Perhaps you already do some of these things. Perhaps these do not seem like workable suggestions to you. But if not, ask yourself why and own your answers. And feel free to add your own in the comments section.

5 Comments

  1. JudyC said,

    February 24, 2010 @ 2:47 am

    An excellent series of articles. Australia is slightly less interventive but we still have the 30% CS rate. Our system also needs fixing.

  2. Carolyn Hastie said,

    February 24, 2010 @ 3:43 am

    Yes. Agreed. Thanks for your posting, warmly, Carolyn

  3. Catina Adams said,

    February 24, 2010 @ 5:15 pm

    A truly excellent decription of the situation that we also face in Australia. I would also add my suggestion – Act local, Think global. Do not underestimate the impact of caring human contact on an individual basis.
    kind regards, Catina

  4. Katherine said,

    February 25, 2010 @ 2:50 pm

    When you say “Research has shown repeatedly that hospital birth is not as safe as home birth.” – has this research accounted for the possibility that hospital birth appears more dangerous than home birth because high-risk births and (actual) problematic births are highly encouraged to occur at the hospital?
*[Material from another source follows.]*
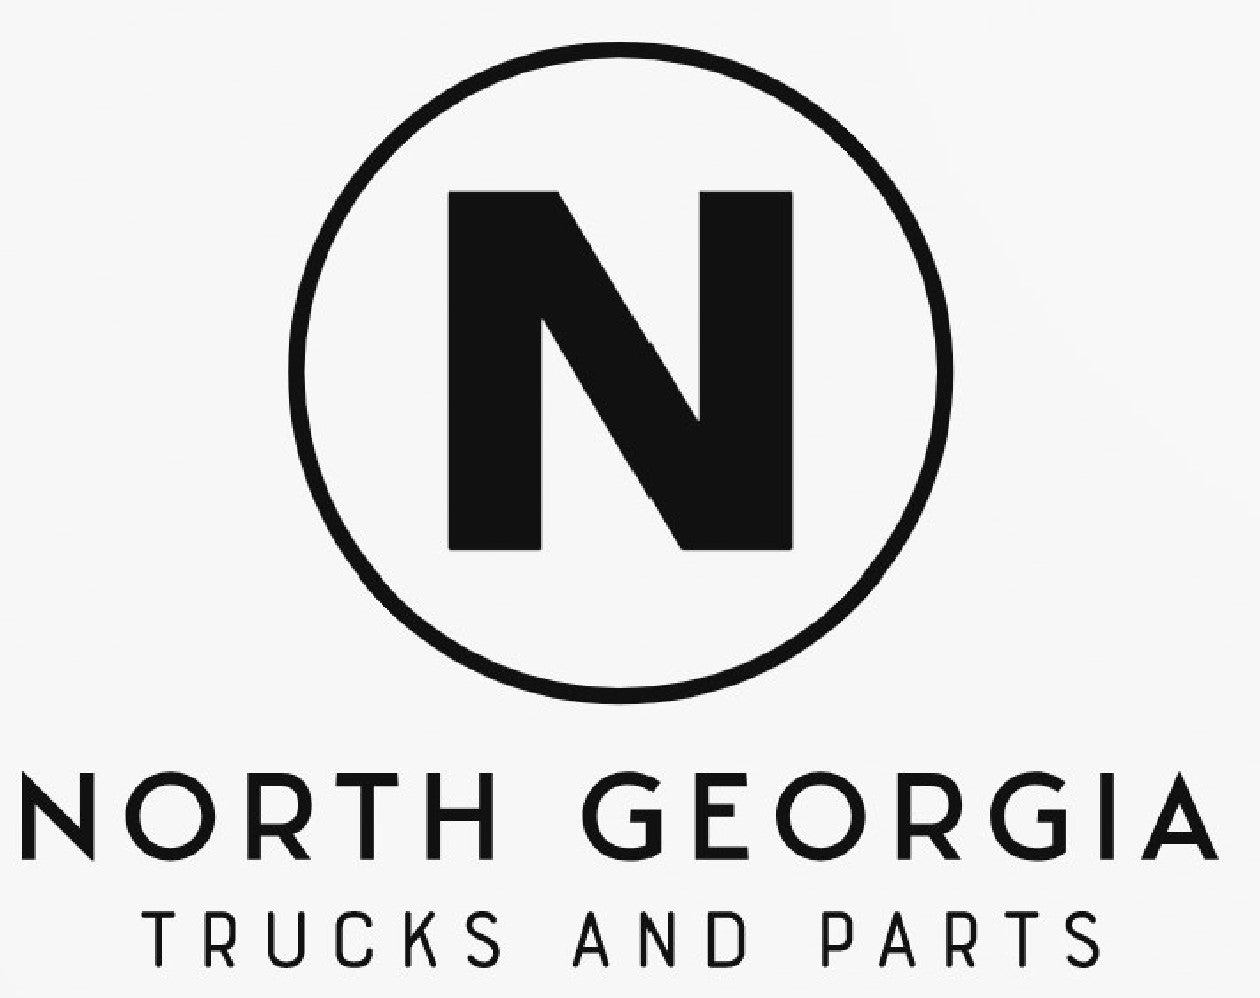 Horton Truck Parts - North Georgia Trucks and Parts

    I totally agree with the rest of your message about how hospital births have more intervention than is necessary, which has real effects on the mothers that have them, and that the lack of consent (screw informed consent, doesn’t even look like they get uninformed consent) is both worrying and wrong.

  5. Kenzie said,

    February 26, 2010 @ 2:08 am

    Hi Katherine,

    The most recent study that I know of can be found here: http://www.cmaj.ca/cgi/content/short/cmaj.081869v1 You can click to get the full text in the top right of the page.

    If you read through it you’ll note that they were careful to match homebirthing women to two other groups, first a matched group who planned hospital births with the same group of midwives and second with a matched group who planned hospital births with a physician/OB. By definition, in order for the women to be “allowed” to plan a homebirth with Registered Midwives in BC they would have had to meet the criteria for “low risk” and therefore the matched groups would have had to also. The groups were matched for age, parity, general income levels, etc. Looking at matched groups in this way would seem to be the only way to actually tease out the risks of both birth places.
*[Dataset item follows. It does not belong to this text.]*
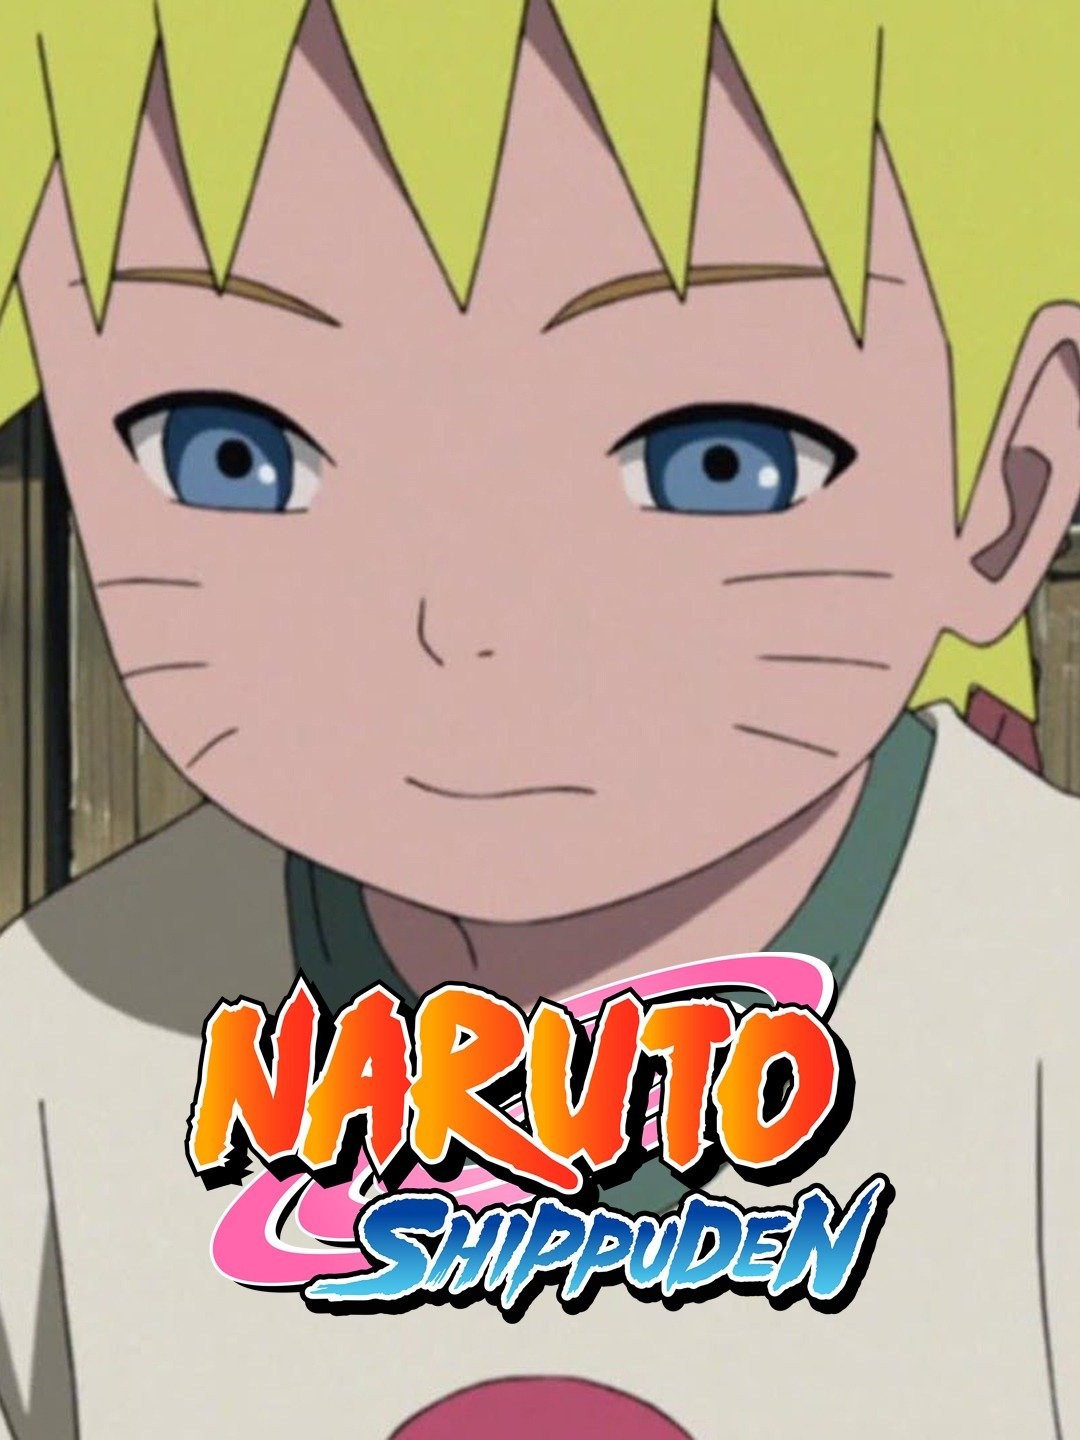 Naruto: Shippuden (season 21) - Wikipedia

    The results of this study were that home birth was safer than hospital birth, although as usual it was reported in the media as “home birth is as safe as hospital birth”. That’s the media for you.

    The rate of neonatal death was .35% in planned homebirths with midwives and .65% in planned hospital births with doctors. This is a difference of three babies per thousand births, and I’m not sure how statistically significant it is. But you can bet yer boots that if the difference had been the exact opposite, with the higher death rate in the homebirth category it would have been reported that giving birth at home would NEARLY DOUBLE the risk of your baby DYING! OMGeleventy!

    The risk of c-section was also significantly higher in the hospital birth group, so comparing two groups where one has a higher rate of major abdominal surgery than the other and declaring that they are both “as safe” is sort of like saying that walking on the sidewalk is as safe as walking on the road, with the hidden bias that getting hit by cars occasionally is no big deal as long as you don’t die.

    Keep in mind that “High Risk” and “Low Risk” are moving targets in the obstetric world, and may not even be meaningful categories.